Kerr Effect

The Kerr effect is a phenomenon in which the refractive index of a material changes because of an applied electrical field, and the change in the refractive index is proportional to the square of the applied electric field. The Kerr effect is best observed in materials known as Kerr mediums, centrosymmetric materials like liquids, gases and some crystals, although most materials show the Kerr effect to some extent when subjected to an electrical field.

The Kerr effect has been applied to digital photography to create a type of shutter with very short exposures and rapid reaction.

The Kerr effect is also known as the quadratic electro-optic effect (QEO effect).

The Kerr effect was discovered by John Kerr in 1875. It is weaker compared to the Pockels effect, which changes the refractive index varies linearly to the value of the applied electrical field. Both the Kerr and Pockels effect are applied in components that are used in optical signal-processing applications and on optical communications as a whole.

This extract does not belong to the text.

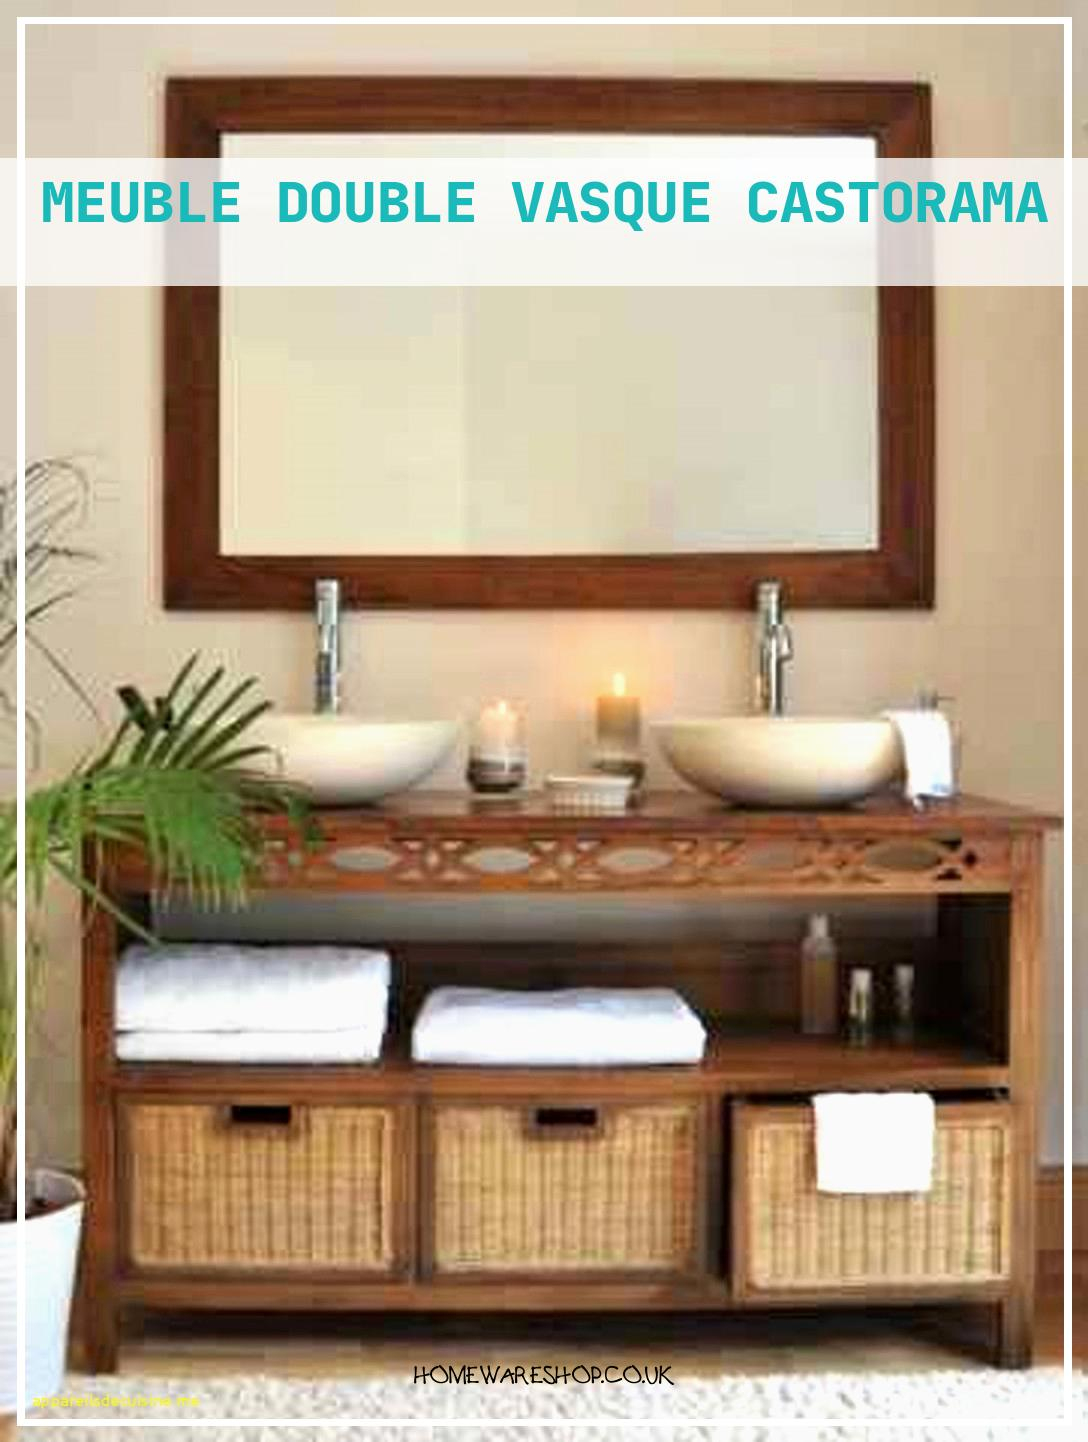 Meuble Double Vasque Salle De Bain Bois – Homewareshop tout Plan De Travail Salle De Bain Castorama
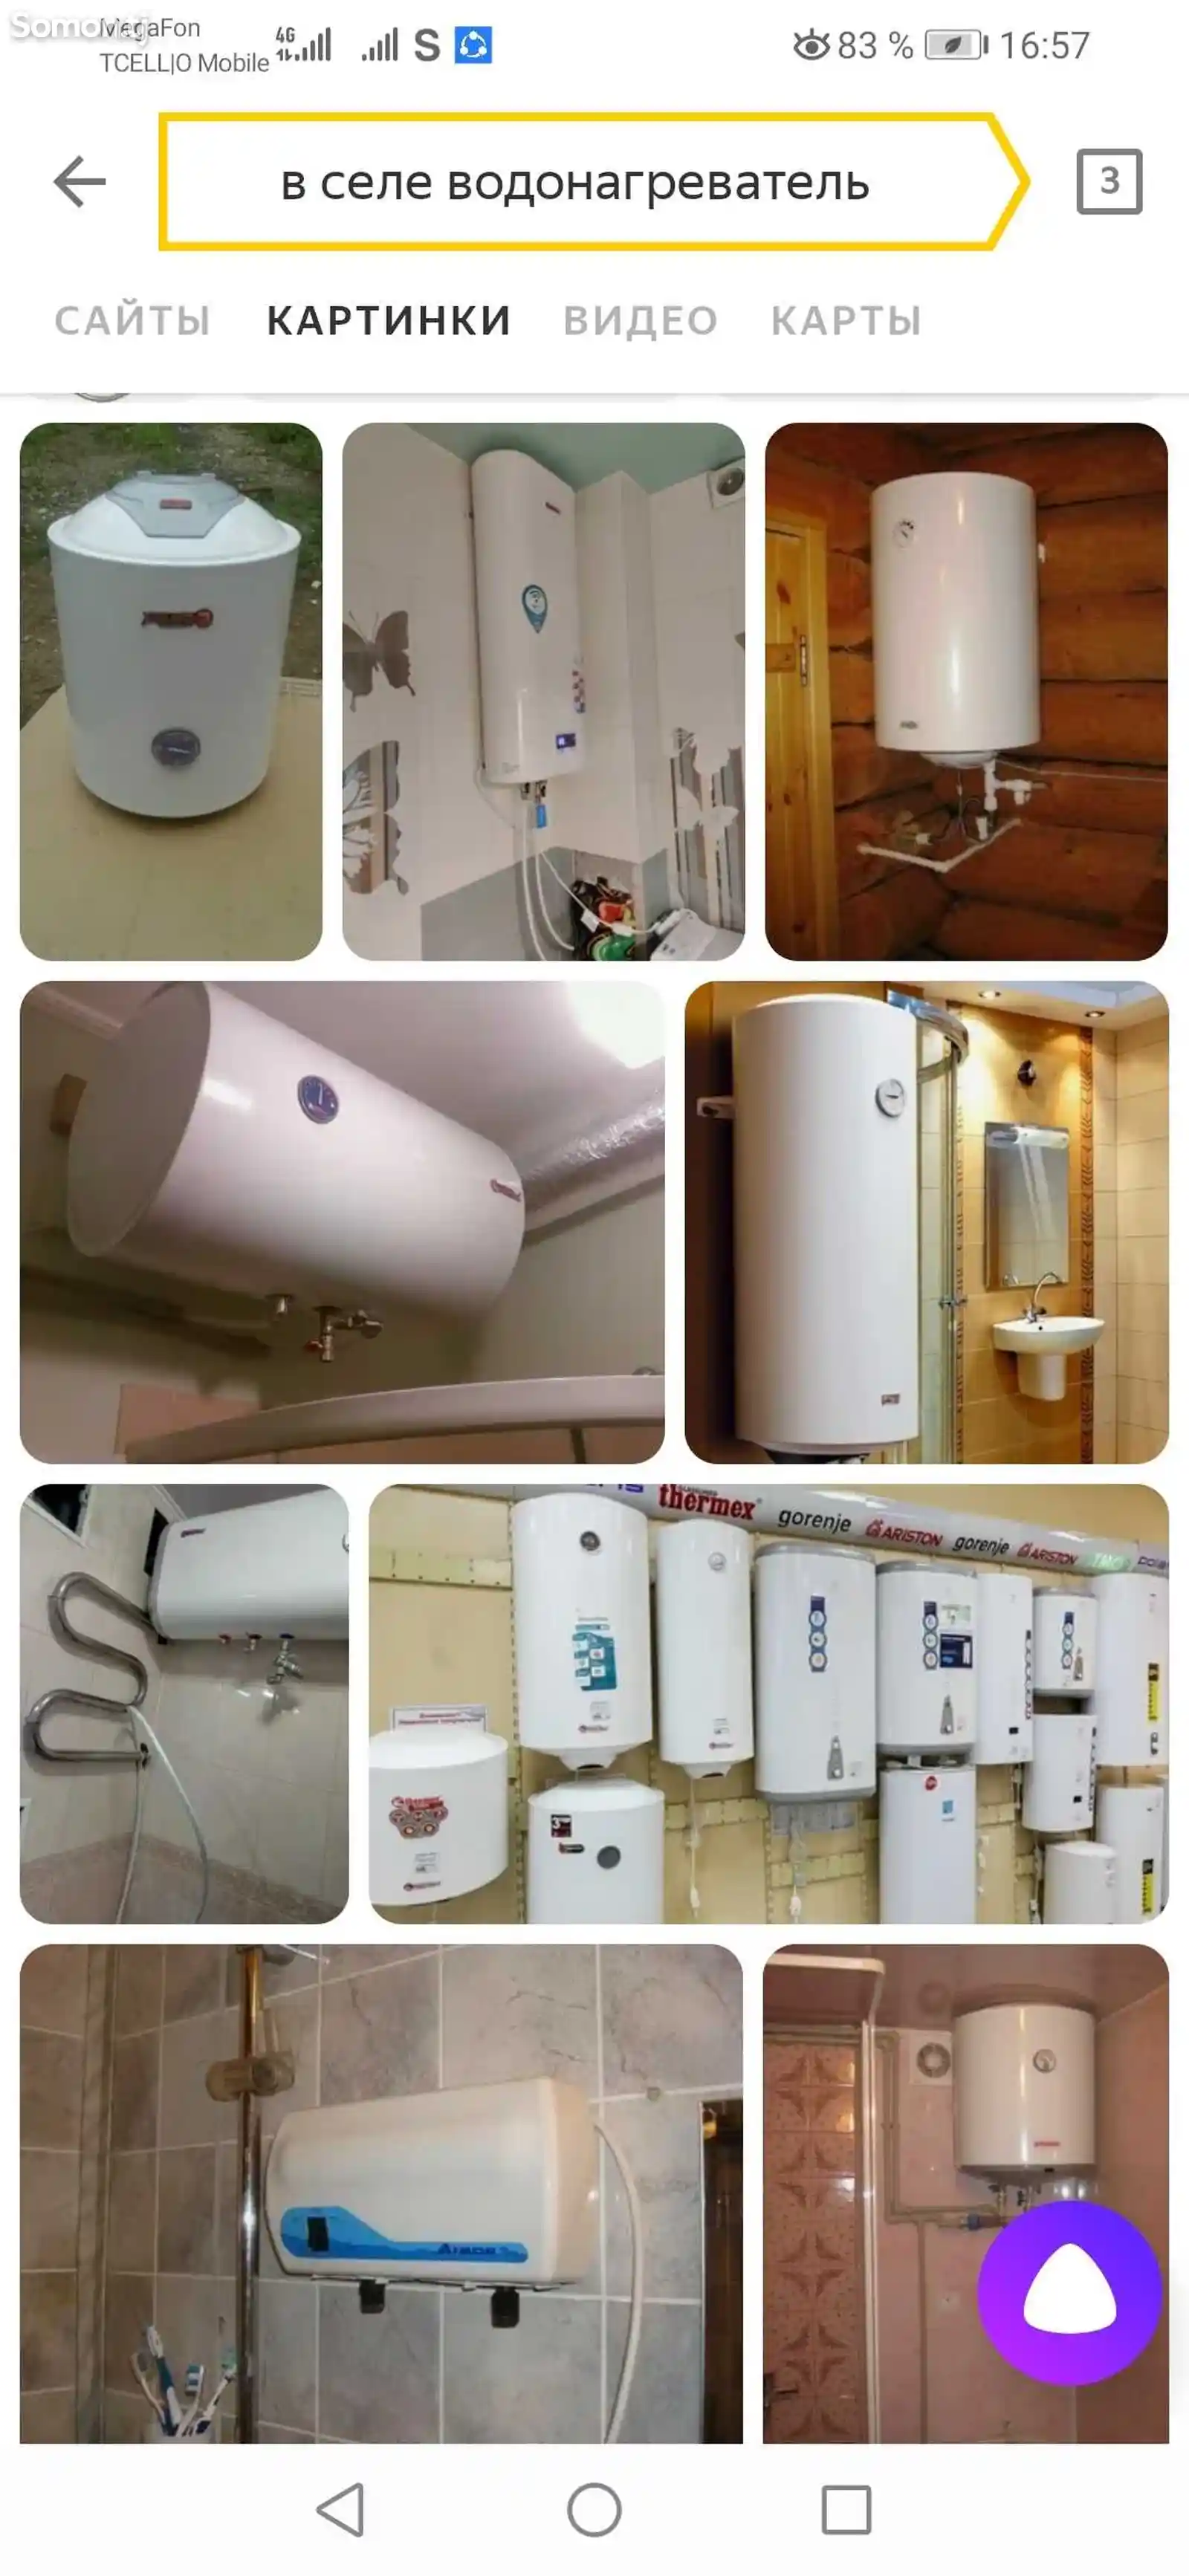 Услуги по ремонту и установке водонагревателей 24ч-3

The Kerr effect has two types:

• Electro-Optical Effect: Through the slow application of an external, varying electrical field to a Kerr medium, the material will develop two indexes of refraction. One is for light that is polarized parallel to the electric field, while the other is for polarized light perpendicular to the field.
• Magneto-Optic Kerr effect (MOKE): The phenomenon in which light exhibits a slightly rotated plane of polarization when reflected from a magnetized material.